The Internal capsule lies in the human brain and consists of nerve fibers that connect deeper areas and the cerebral cortex.
The numerous pathways that run through the inner capsule include the frontopontinal fibers, the corticospinal tract of the pyramidal tract, the temporopontinal fibers, the corticotectal tract and parts of the auditory and visual tract. A variety of neurological diseases can develop in the context of a stroke and other damage, including hemiparesis.
Various nerve tracts that run through the brain are combined in neurology to form the internal capsule. Two basic types of nerve tissue can be distinguished in the human brain: The gray matter contains many cell bodies (somata), while the white matter consists mainly of nerve fibers.
These fibers are extensions of neurons that carry electrical signals from one cell to the next. On the outside, they are surrounded by an insulating layer known as the myelin sheath, which makes the tissue appear white. The myelin layer consists of specialized glial cells, the Schwann cells. They grow spirally around the axon. Strictly speaking, axons are the mere extensions of nerve cells, while the term “nerve fiber” denotes the unit made up of the axon and myelin layer.
However, since most of the axons of the human nervous system are myelinated, this formal distinction only plays a subordinate role in practice.
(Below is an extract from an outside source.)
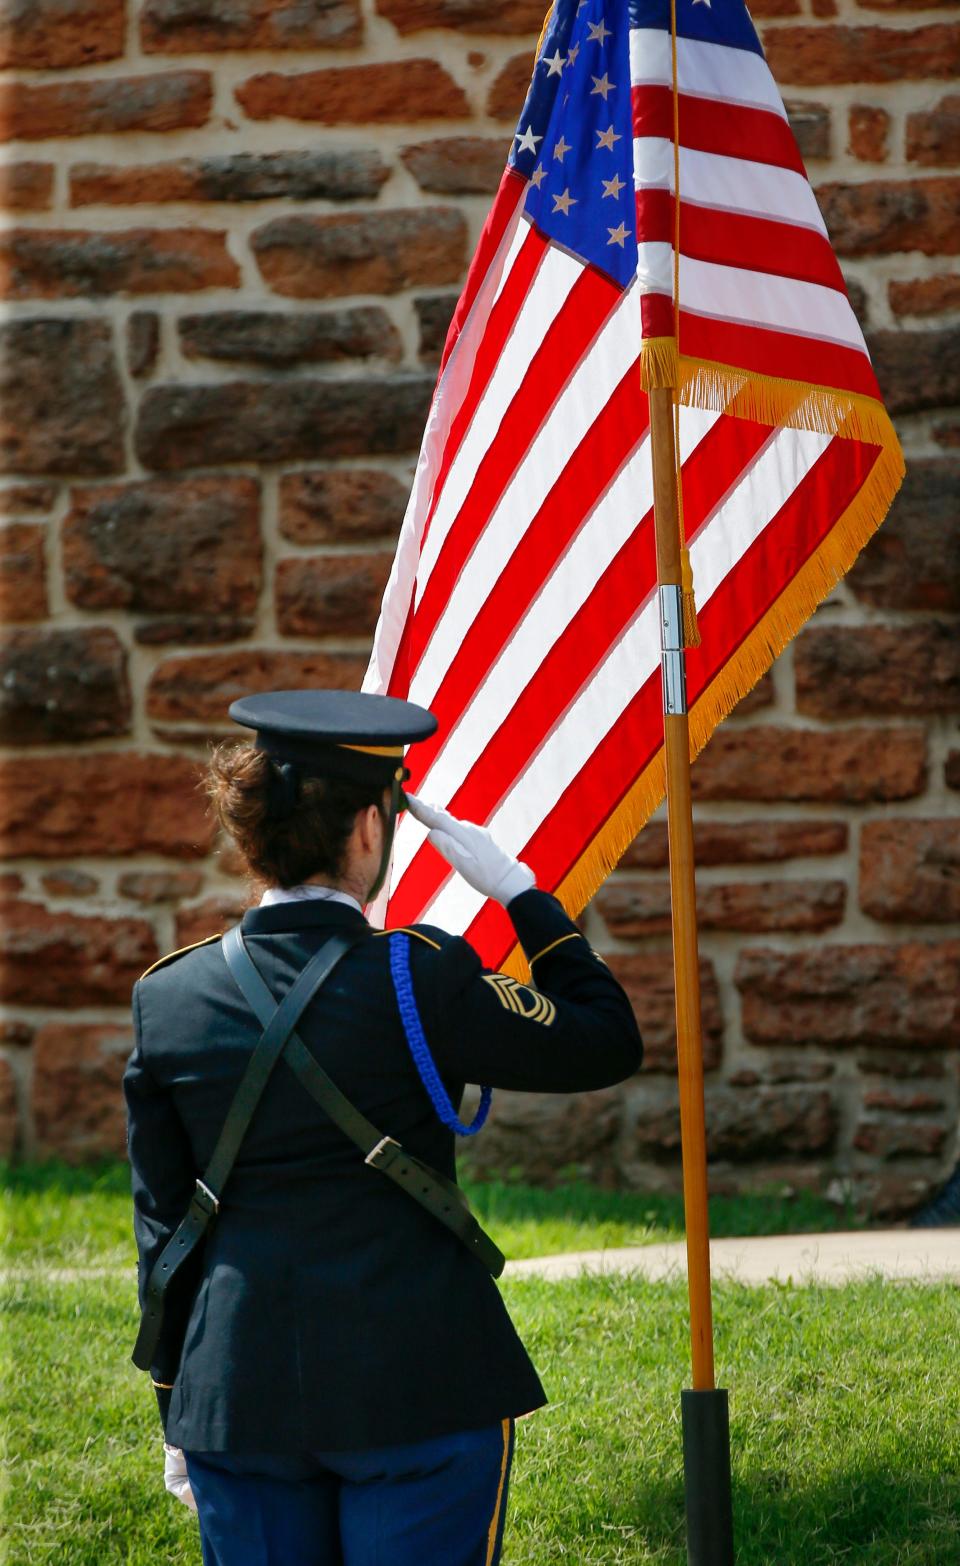 Master Sgt. Rebecca McGary, the non-commissioned officer in charge of the Governor's Honor Guard, salutes during the retiring of the colors at the annual Memorial Day ceremony at the 45th Infantry Division Museum in Oklahoma City, Monday, May 27, 2019.

The internal capsule is also made of white matter.
The fibers of the internal capsule stretch from the cerebral cortex on the surface of the brain to deeper areas such as the cerebral crus (crus cerebri). Their course is identical in both hemispheres.
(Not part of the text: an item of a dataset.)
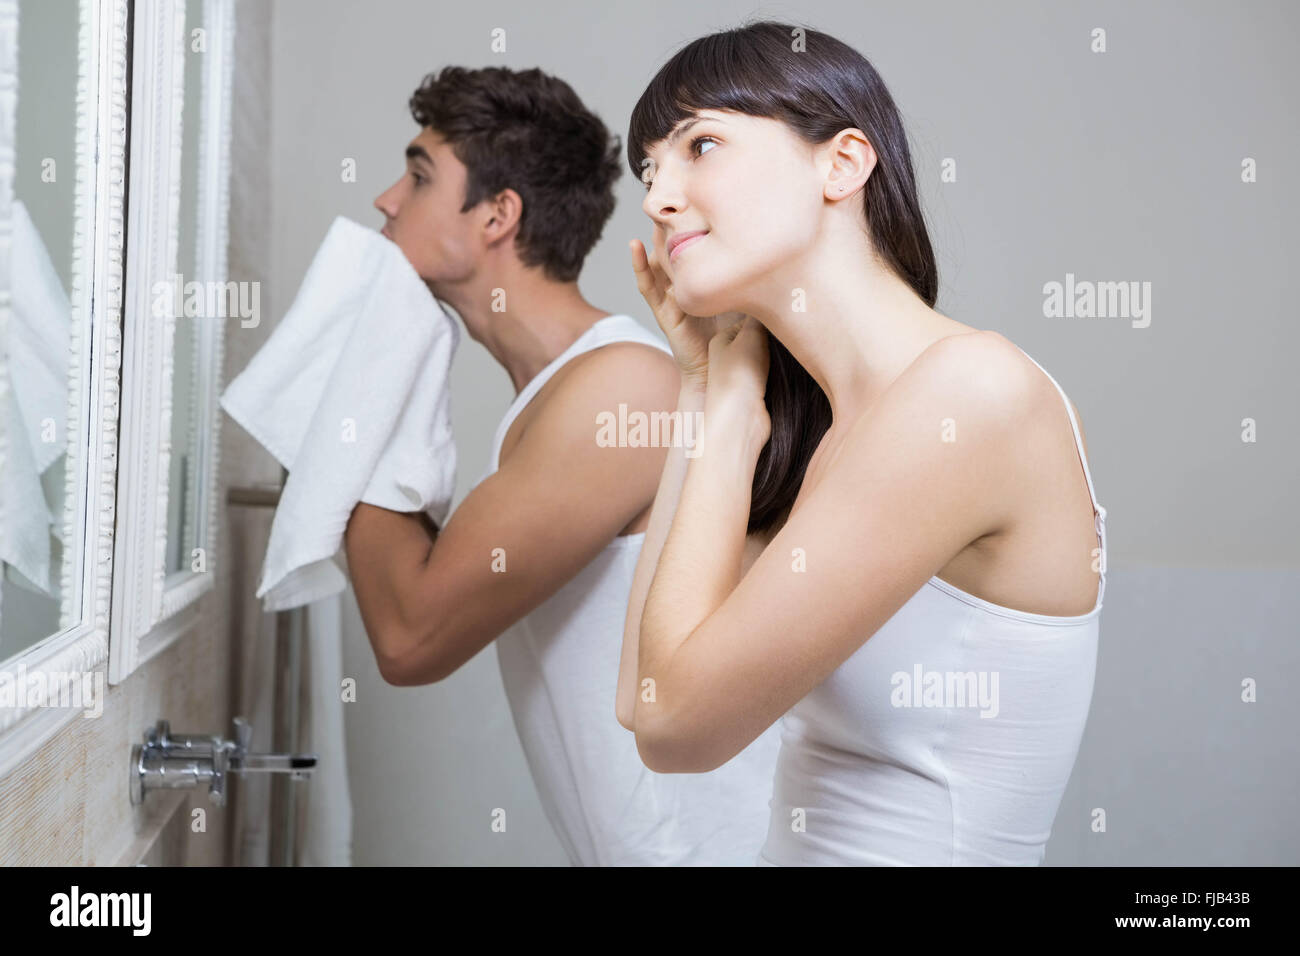 Bathroom routine for young couple Stock Photo

Towards the middle of the brain, the thalamus and the caudate nucleus adjoin the nerve tracts of the inner capsule, while the lentiform nucleus, which in turn is composed of putamen and pallidum, is located on the other side. Anatomically, three areas can be distinguished within the internal capsule: the anterior crus, the internal capsule genu and the posterior crus.
The crus anterius ("front leg") consists of the nerve fibers that are located in the head-facing part of the bowl-shaped collection. This is where the frontopontine fibers run, which transmit nerve signals from the frontal lobe to the cerebral crus, as well as nerve fibers which connect the frontal lobe to the thalamus and are also known as the anterior thalamic stem. The genu capsulae internae only contains the corticonuclear pathway.
Significantly more nerve tracts can be found in the posterior crus ("rear leg"). These fibers include part of the pyramidal tract (corticospinal tract), the temporopontinal fibra, the corticotectal tract, corticorubral tract, corticoreticular tract, fibers of the central and posterior part of the thalamus (radiatio centralis thalami and radiatio posterior thalami acustica) and nerve fibers of the visual pathway (Radiatio optica).
There is no other area of the brain running through as many nerve pathways as through the internal capsule. The fibers belong to different tracks and accordingly perform different functions.
The corticospinal tract transports motor information that has its origin in the precentral gyrus in the frontal lobe and first traverses the internal capsule before it runs to the cerebrum and further over the elongated medulla (medulla oblongata) and at the pyramid junction (Decussatio pyramidum) in the anterior pyramidal tract and split the pyramidal side strand web; The latter changes the side of the body so that the fibers from the right hemisphere supply the left half of the body and vice versa.
In the human body, the pyramidal trajectories are responsible for controlling voluntary movements. The temporopontine fibers have the task of connecting the temporal convolutions of the brain with the lateral posterior nuclei of the bridge (pons). In contrast, the corticotectal tract is involved in controlling the eyes, mediating both voluntary movements and reflexes.
Lesions of the internal capsule usually result in various neurological disorders, as the density of nerve fibers is particularly high here. The impairments can affect several functional areas at the same time.
One possible consequence is paralysis on one side (hemiparesis). In connection with the internal capsule, it is primarily due to lesions on the pyramidal tract and other motor fibers that run through this area.
In this case, the contralateral side of the body is affected. The medicine calls the complete paralysis of one half of the body hemiplegia or hemiparalysis. The extent of the paralysis depends on how many fibers of the motor pathways are destroyed. Damage to the auditory and visual tract, the nerve fibers of which also run through the internal capsule, can impair the corresponding sensory modalities. Complex neurological disorders that are characterized by a variety of different symptoms are also possible.
A stroke, for example, is a possible cause of damage to the internal capsule. An interruption in the blood supply leads to a lack of oxygen, energy and nutrients in the nerve cells in the affected area. If the undersupply lasts too long, the cells die. In the event of a media infarction, this process is based on an occlusion of the arteria cerebri media. Another possible cause of lesions on the internal capsule is multiple sclerosis, which manifests itself in the destruction of the white matter.
Inflammation foci in the brain lead to the disappearance of the myelin sheaths, which electrically isolate the individual nerve fibers. This affects the transmission of the signals. In most cases, multiple sclerosis progresses in flares; a causal treatment is currently not possible.